#### EXCERPTED DATA:
━━━━━━━━

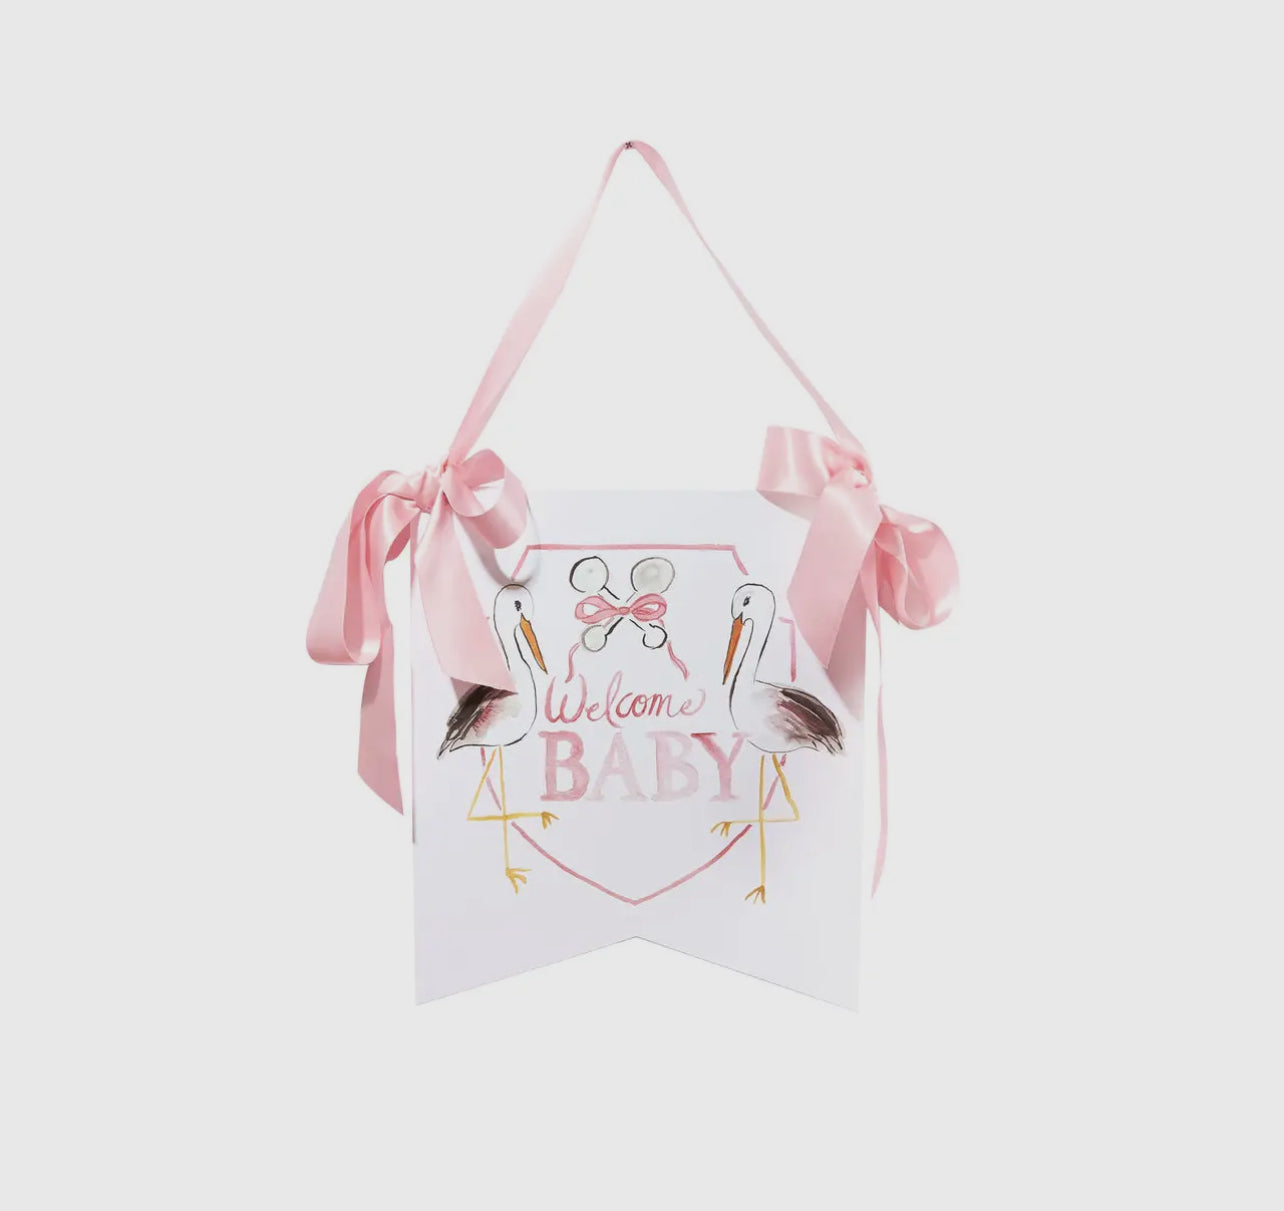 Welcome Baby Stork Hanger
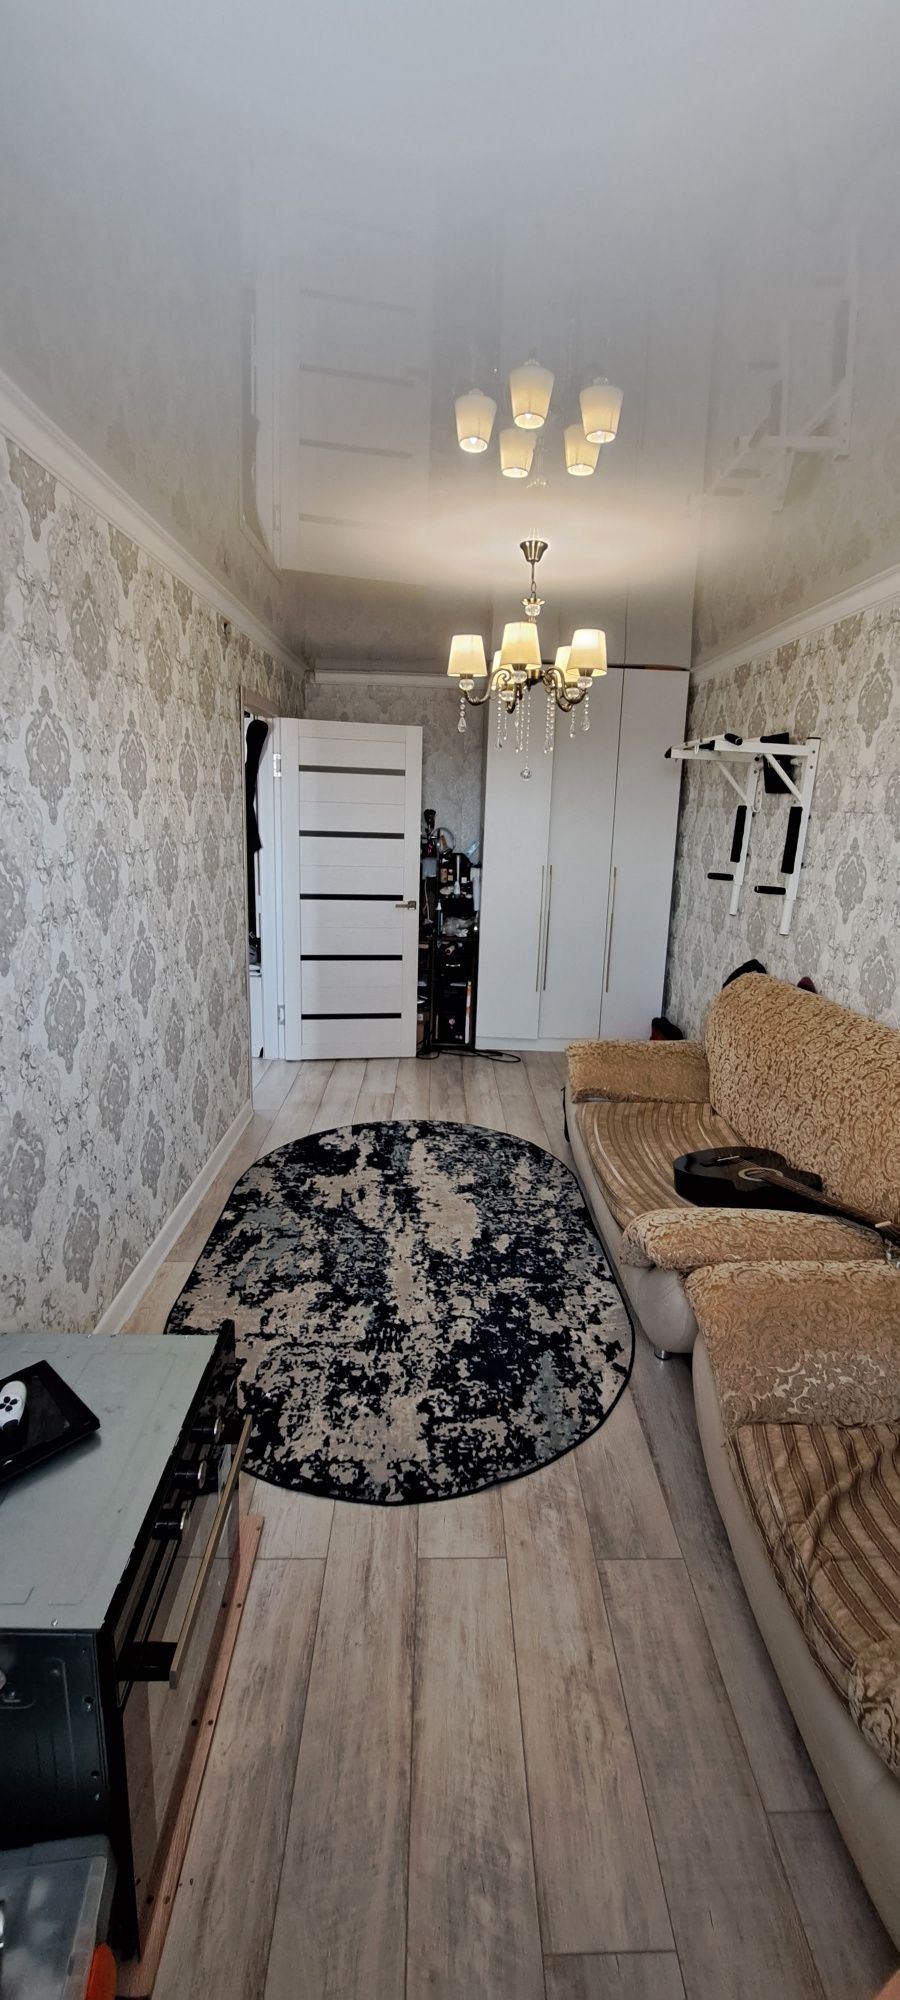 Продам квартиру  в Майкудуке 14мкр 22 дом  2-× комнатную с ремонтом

━━━━━━━━

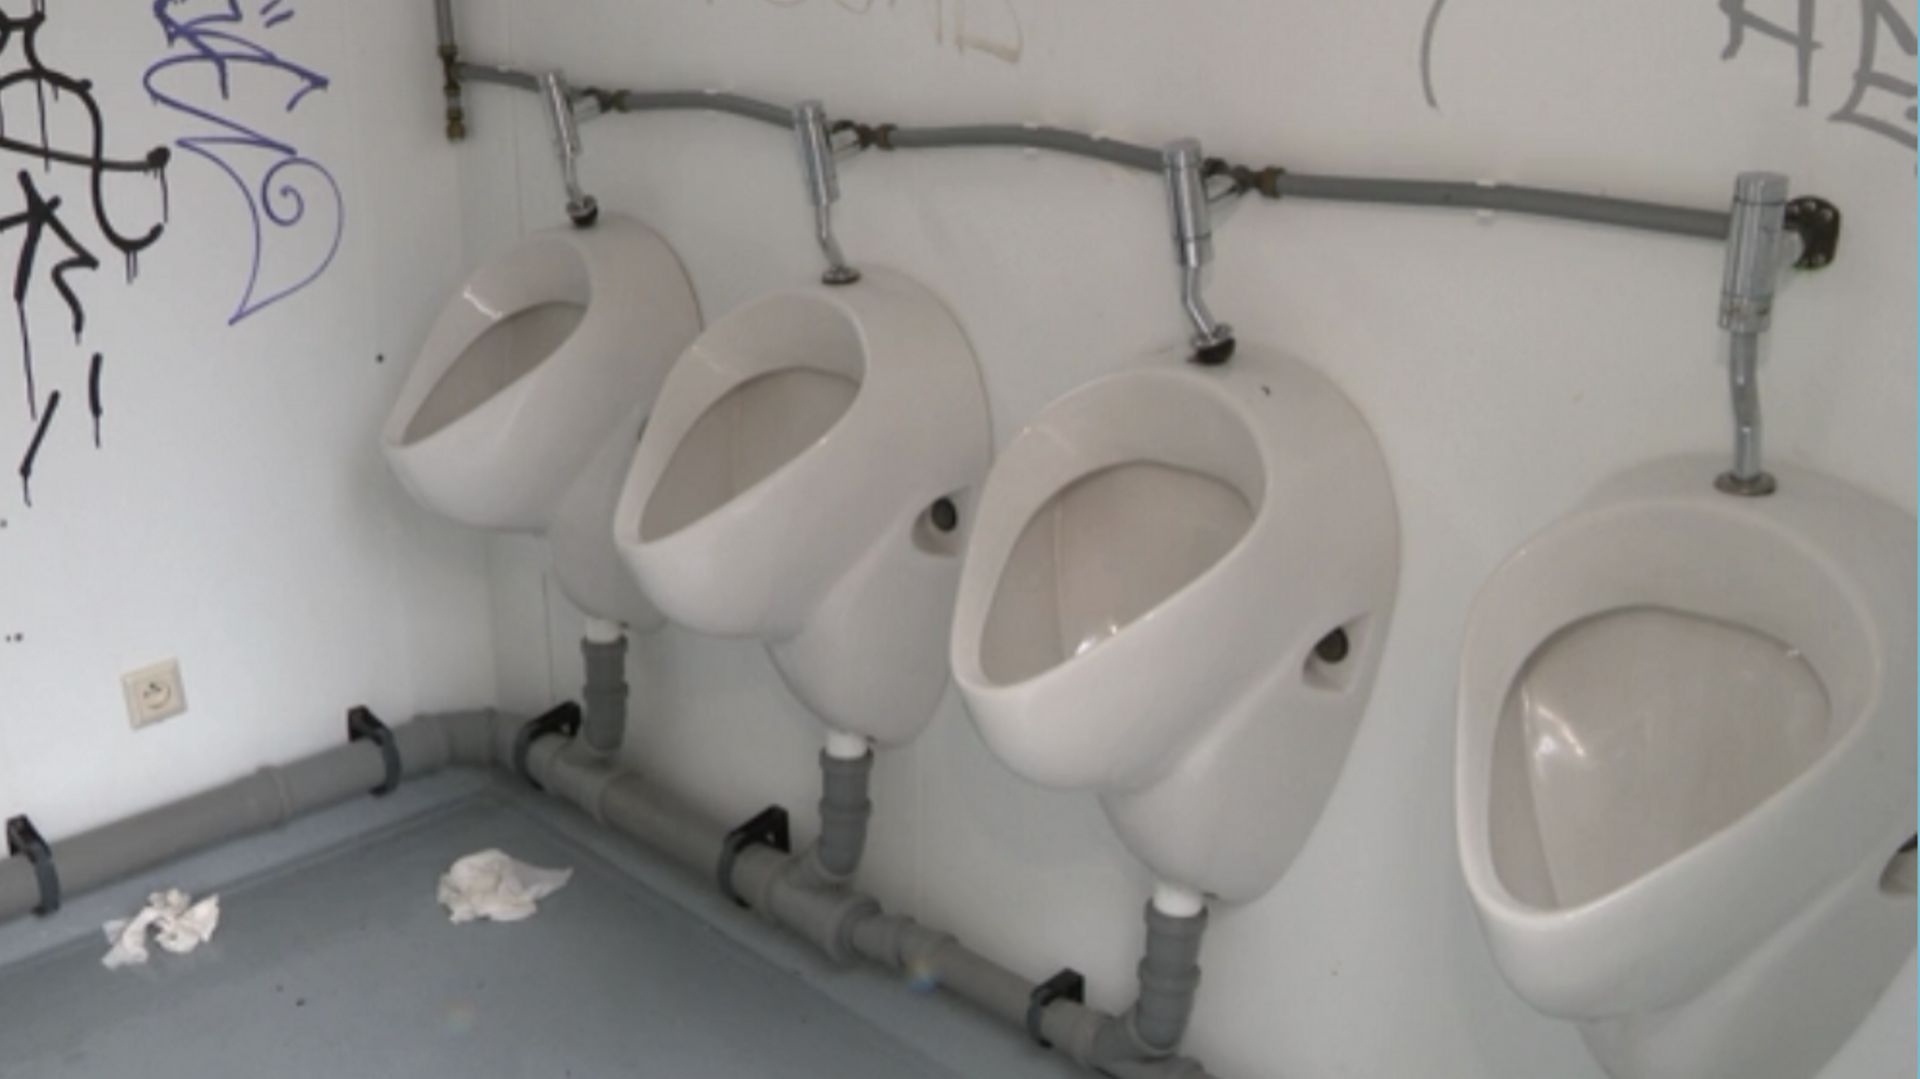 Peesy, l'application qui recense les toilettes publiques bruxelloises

━━━━━━━━

#### TASK BRIEF:
Working from the records above, set down word for word everything from the line containing "Welcome Baby Stork Hanger" down to the line containing "комнатную с ремонтом", ends included, minus the pictures.

#### SOLUTION TO THE EXERCISE:
 Welcome Baby Stork Hanger
 Продам квартиру  в Майкудуке 14мкр 22 дом  2-× комнатную с ремонтом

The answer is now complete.